The study findings contribute to and support the evidence of poor neurodevelopmental and emotional/behavioral outcomes for children with prenatal exposure to opioids or a history of NAS, Susan Brogly, PhD, MSc, noted in an accompanying editorial. Other studies have shown increased risks for visual impairments including strabismus, reduced visual acuity, and delayed visual maturation.
Dr. Brogly, of Queen’s University, Kingston Health Science Center, Ontario, nonetheless noted that a child’s home environment may modify the impact of prenatal opioid exposure or NAS, as evidence has shown that children with in utero heroin exposure have improved outcomes in healthy home environments.
Although the mechanism for how opioid exposure affects development remains uncertain, she suggested that future research should address “interventions to improve health outcomes in this rapidly growing population of children, regardless of the causal mechanism of impairment.”
Dr. Brogly noted that most of the opioid-using mothers in the study by Azuine et al. were unmarried, non-Hispanic white, and multiparous, and had histories of other substance abuse. She emphasized the need for supportive communities for women at risk of opioid use, who also are more likely to have unstable housing situations and histories of sexual and physical abuse.
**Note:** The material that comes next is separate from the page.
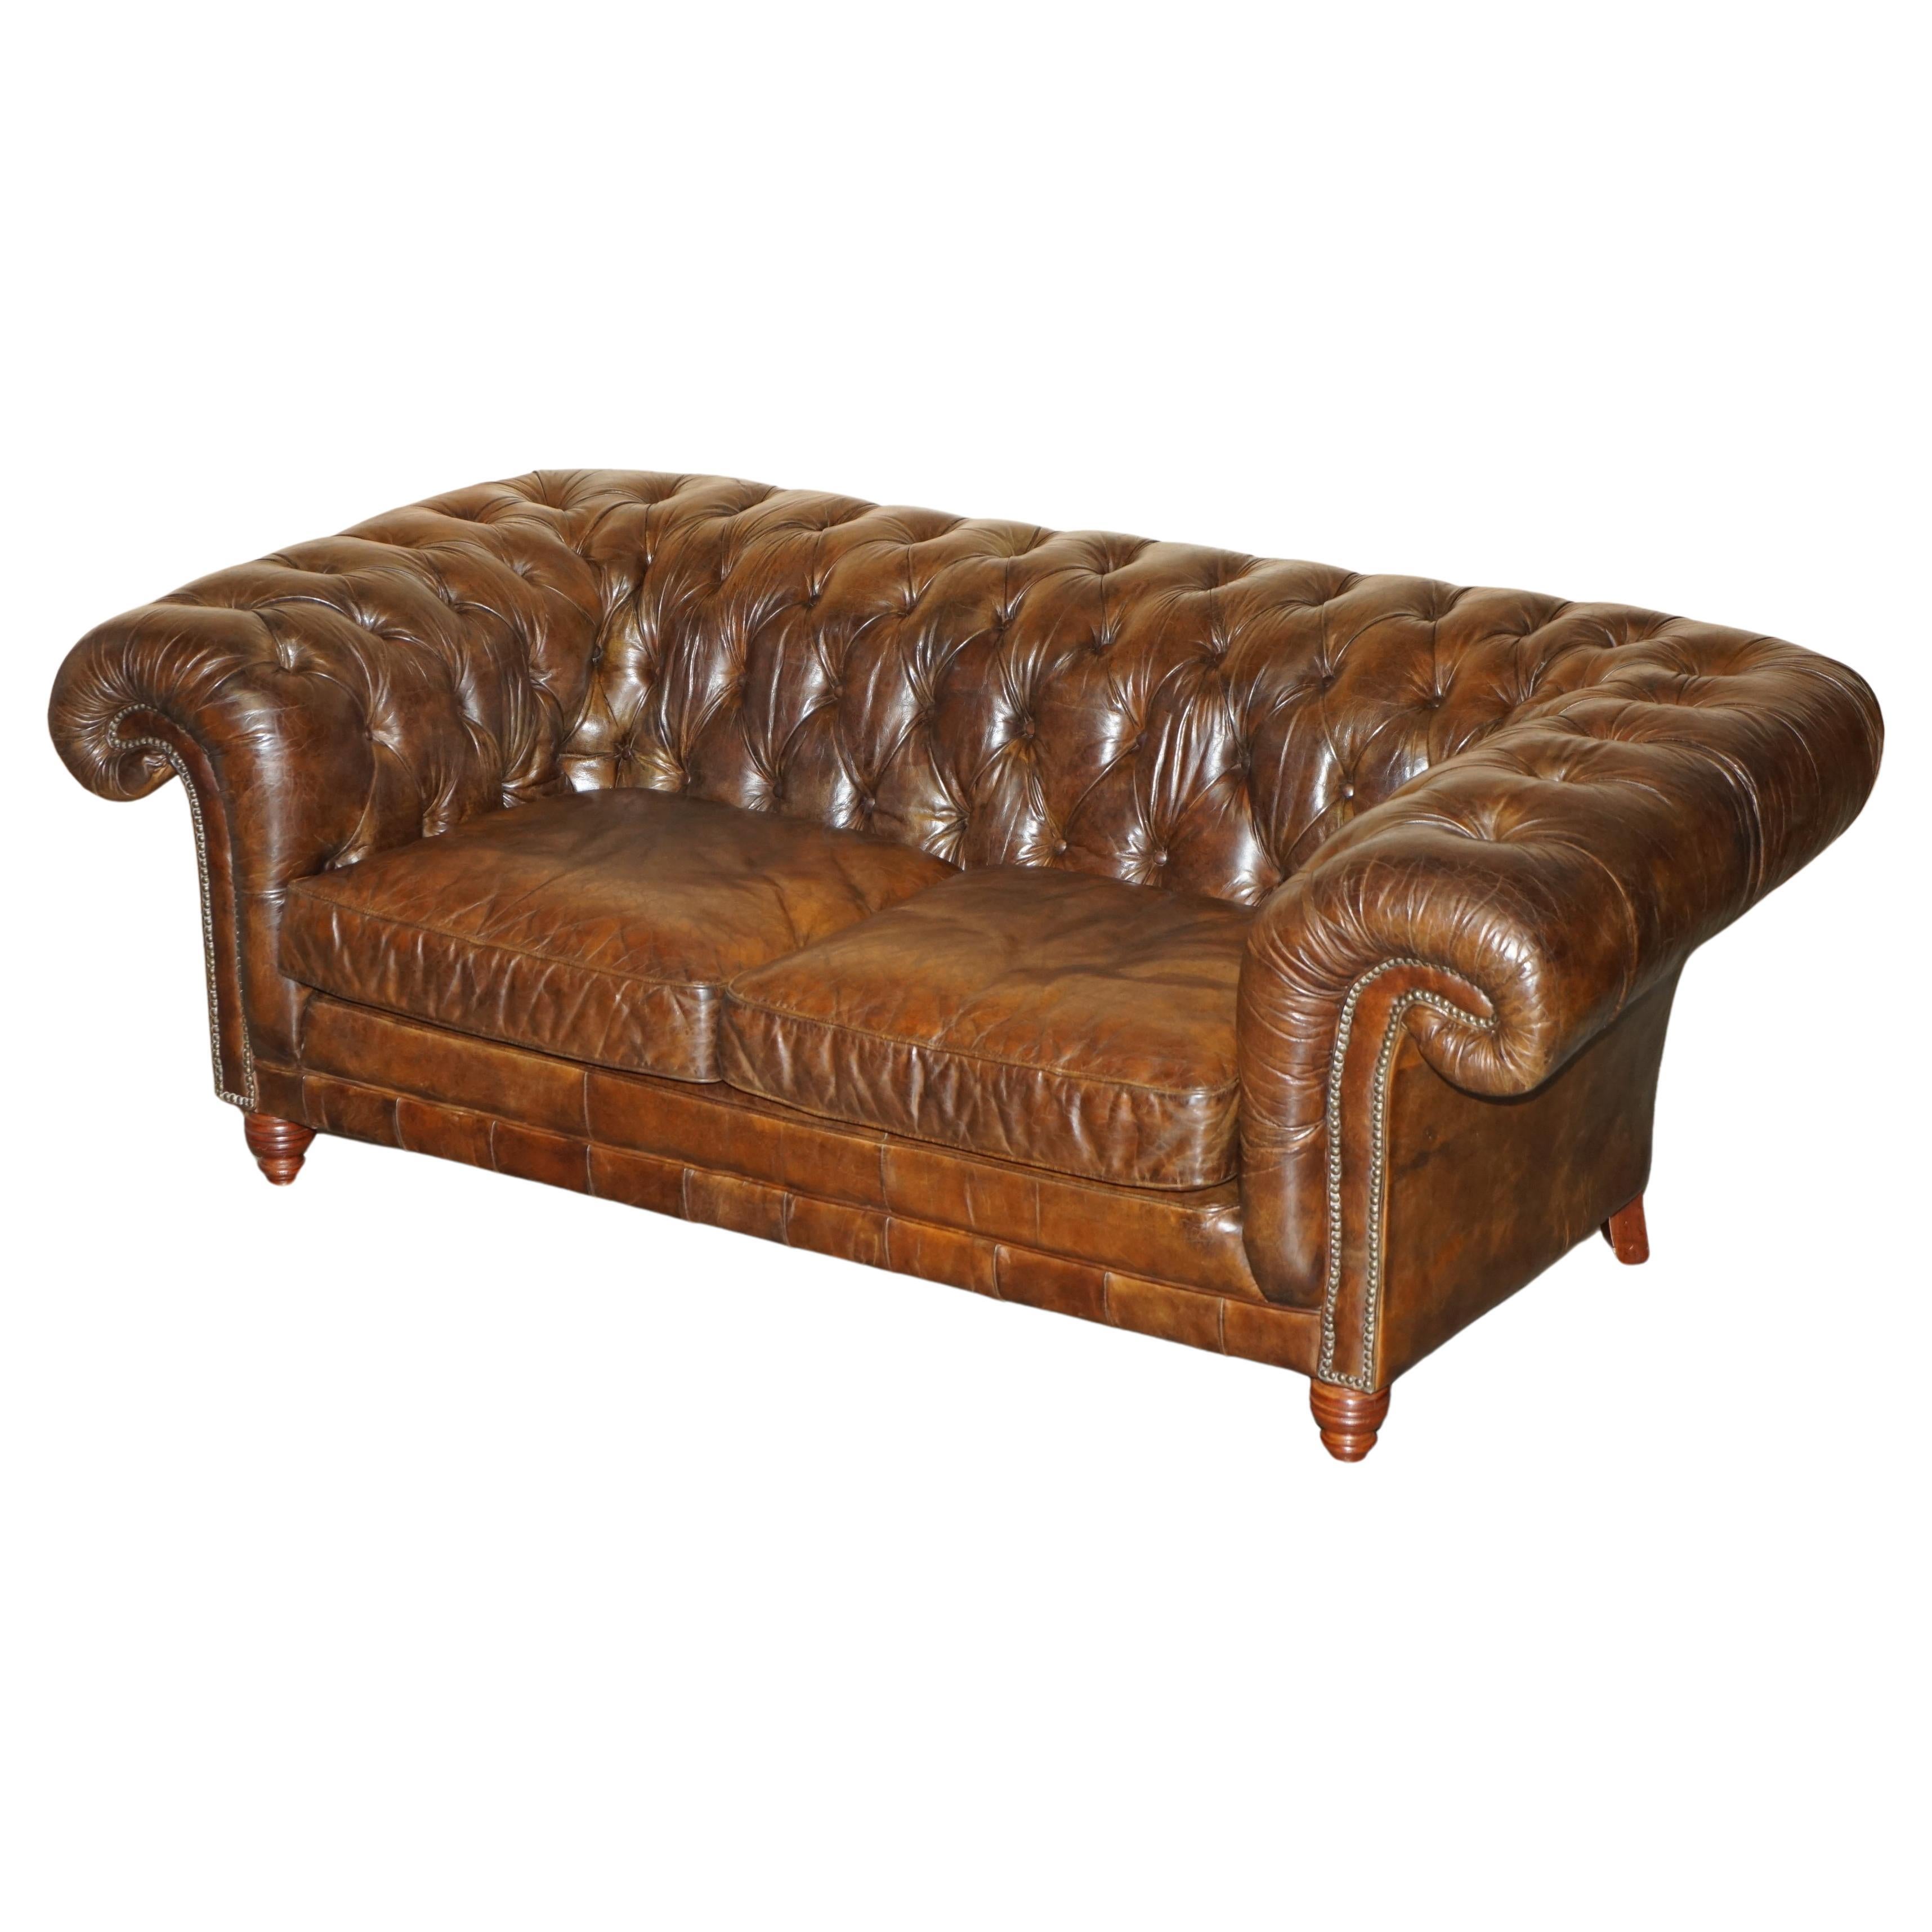 1 OF 2 TIMOTHY OULTON HERITAGE BROWN OVERSIZED LEATHER CHESTERFIELD HALO SOFAs

“The risks of poor pregnancy and child outcomes in cases of maternal opioid exposure are not because of prenatal opioid exposure alone; ongoing difficult social and environmental circumstances have an important role,” and future interventions should address these circumstances to improve long-term health of high-risk women and their children, she emphasized.
The Boston Birth Cohort study is supported in part by grants from the National Institutes of Health and the U.S. Department of Health and Human Services. None of the authors had financial conflicts to disclose.
Dr. Brogly disclosed grants from the Eunice Kennedy Shriver National Institute of Child Health and Human Development outside the submitted work.